GALLATIN, Tenn. -- Residents began cleaning up and rebuilding yesterday, a day after tornadoes killed 12 people in Tennessee in the second wave of violent weather to hit the state in less than a week.
''We'll get on our feet again," Bernard Tavers said as he surveyed the demolished homes and piles of rubble in his neighborhood.
Crews worked to clear away the wreckage and restore services, but some people may have to go without electricity for a week, officials said.
Police patrolled the wrecked neighborhoods yesterday, but there were no reports of looting. Bystanders were warned not to smoke because of leaking gas.
The tornado's path through the Gallatin area was 150 to 200 yards wide and at least 10 miles long, said Jimmy Templeton of the Sumner County Sheriff's Department.
Nearly 170 homes and eight businesses in Gallatin and other parts of Sumner County were damaged or destroyed, said Sonny Briggance, rescue chief for the county's emergency management agency. Several multimillion-dollar homes were pulverized in one subdivision.

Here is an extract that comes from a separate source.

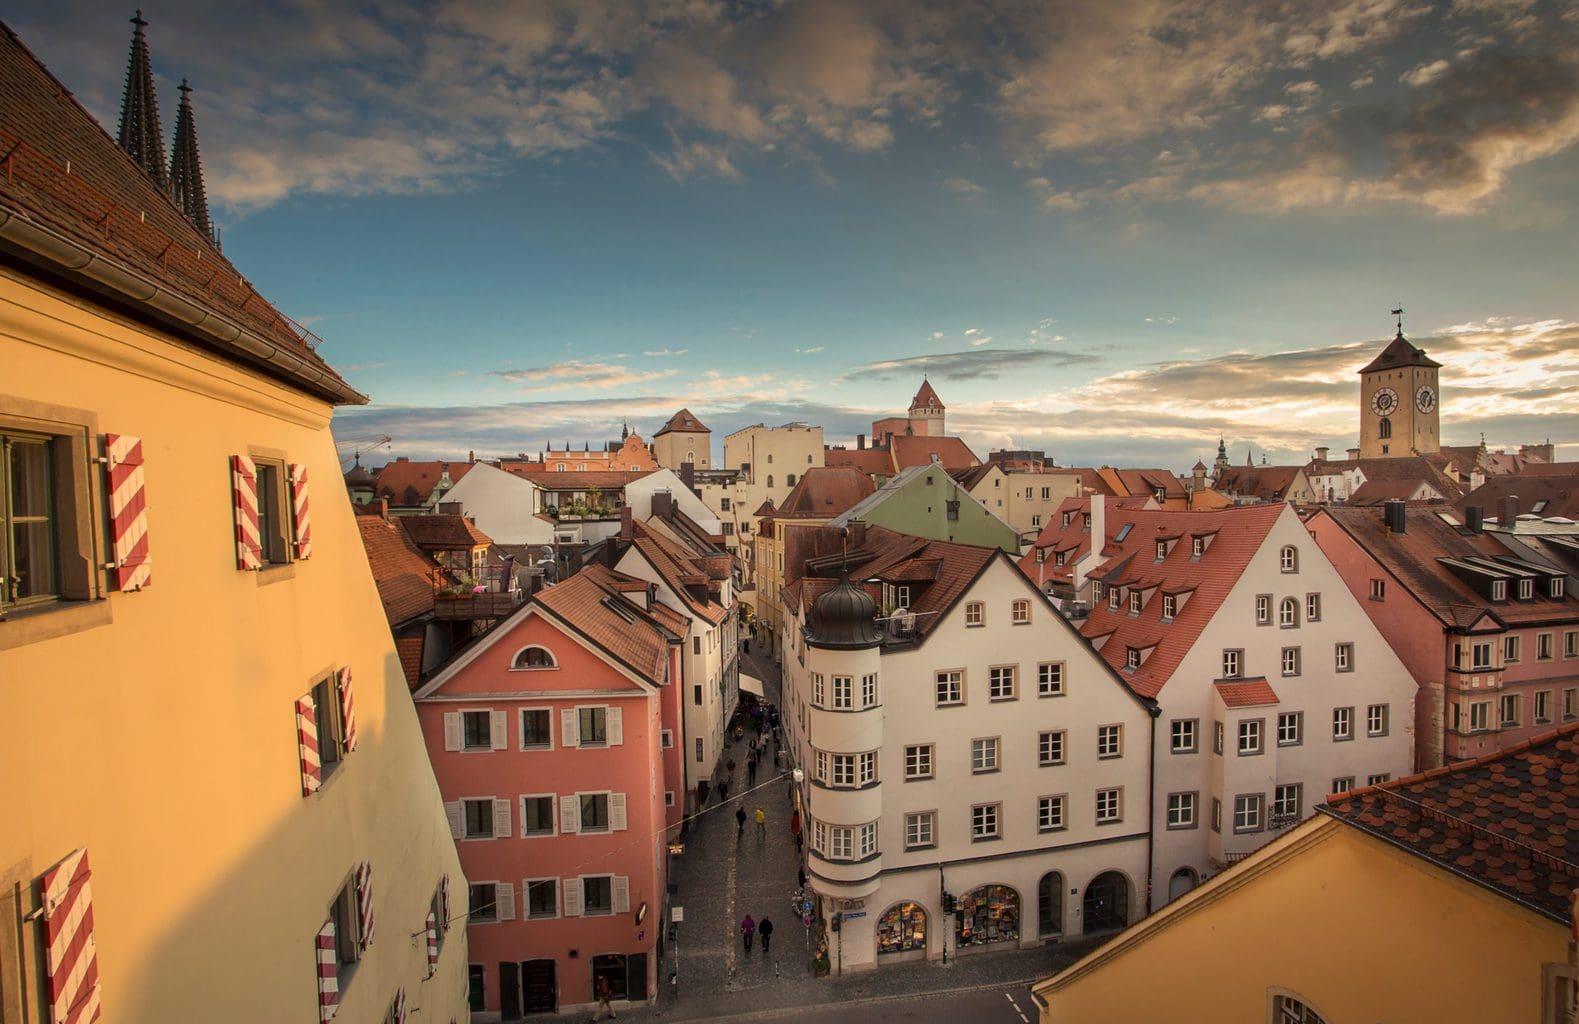 Uitzicht op de historische binnenstad waar je volop tradities in Regensburg kan vinden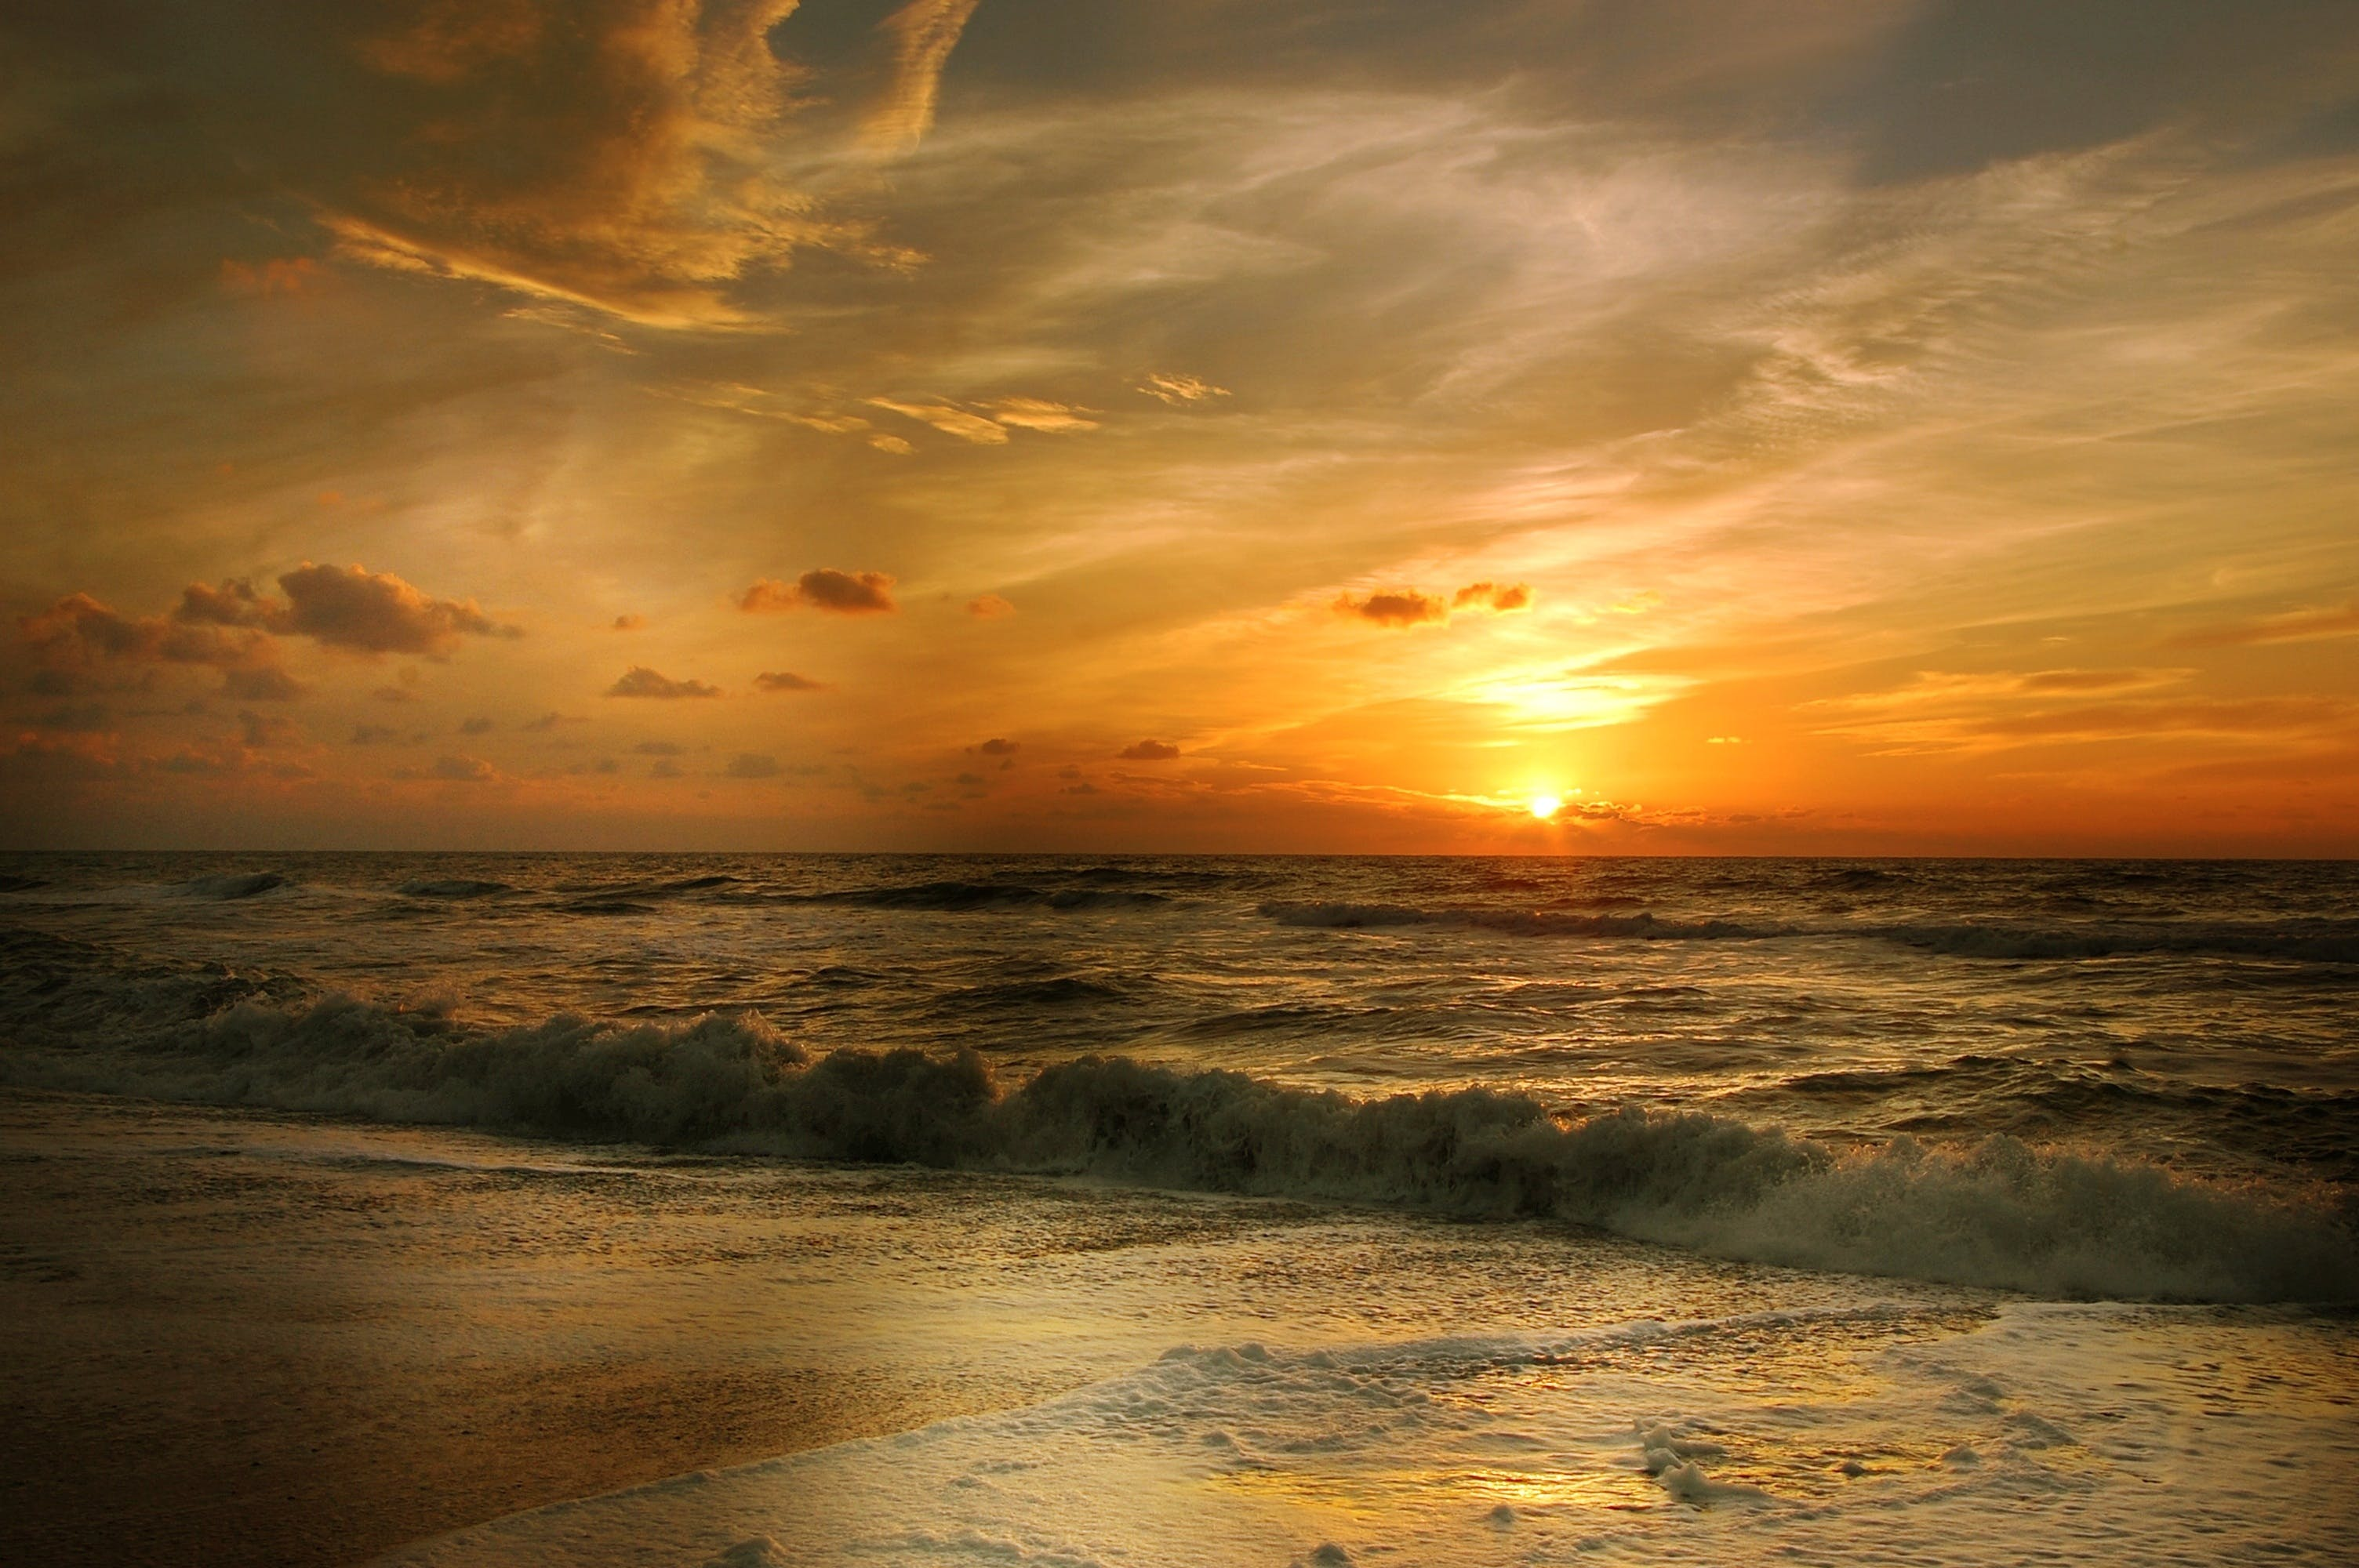 beach, beautiful, clouds

Talmadge Woodall described the twister that destroyed his house Friday afternoon as ''rolling, throwing debris hundreds of feet in the air." He lived in an upscale subdivision of Gallatin, about 24 miles northeast of Nashville.
''These were at least half-million-dollar homes or better," said Woodall, 81. ''Now there's nothing left. I didn't even have a shingle off my house."
Later Friday and early yesterday, another line of severe thunderstorms rolled through Alabama and Georgia. Homes and businesses were damaged in the Atlanta suburbs, but the National Weather Service had not confirmed whether the area was hit by tornadoes.
''Several businesses are totally destroyed. Trees literally are sitting inside of houses," said John Oxendine, Georgia insurance commissioner. Several people were injured in Alabama, two by falling trees, but no deaths were reported, officials said yesterday.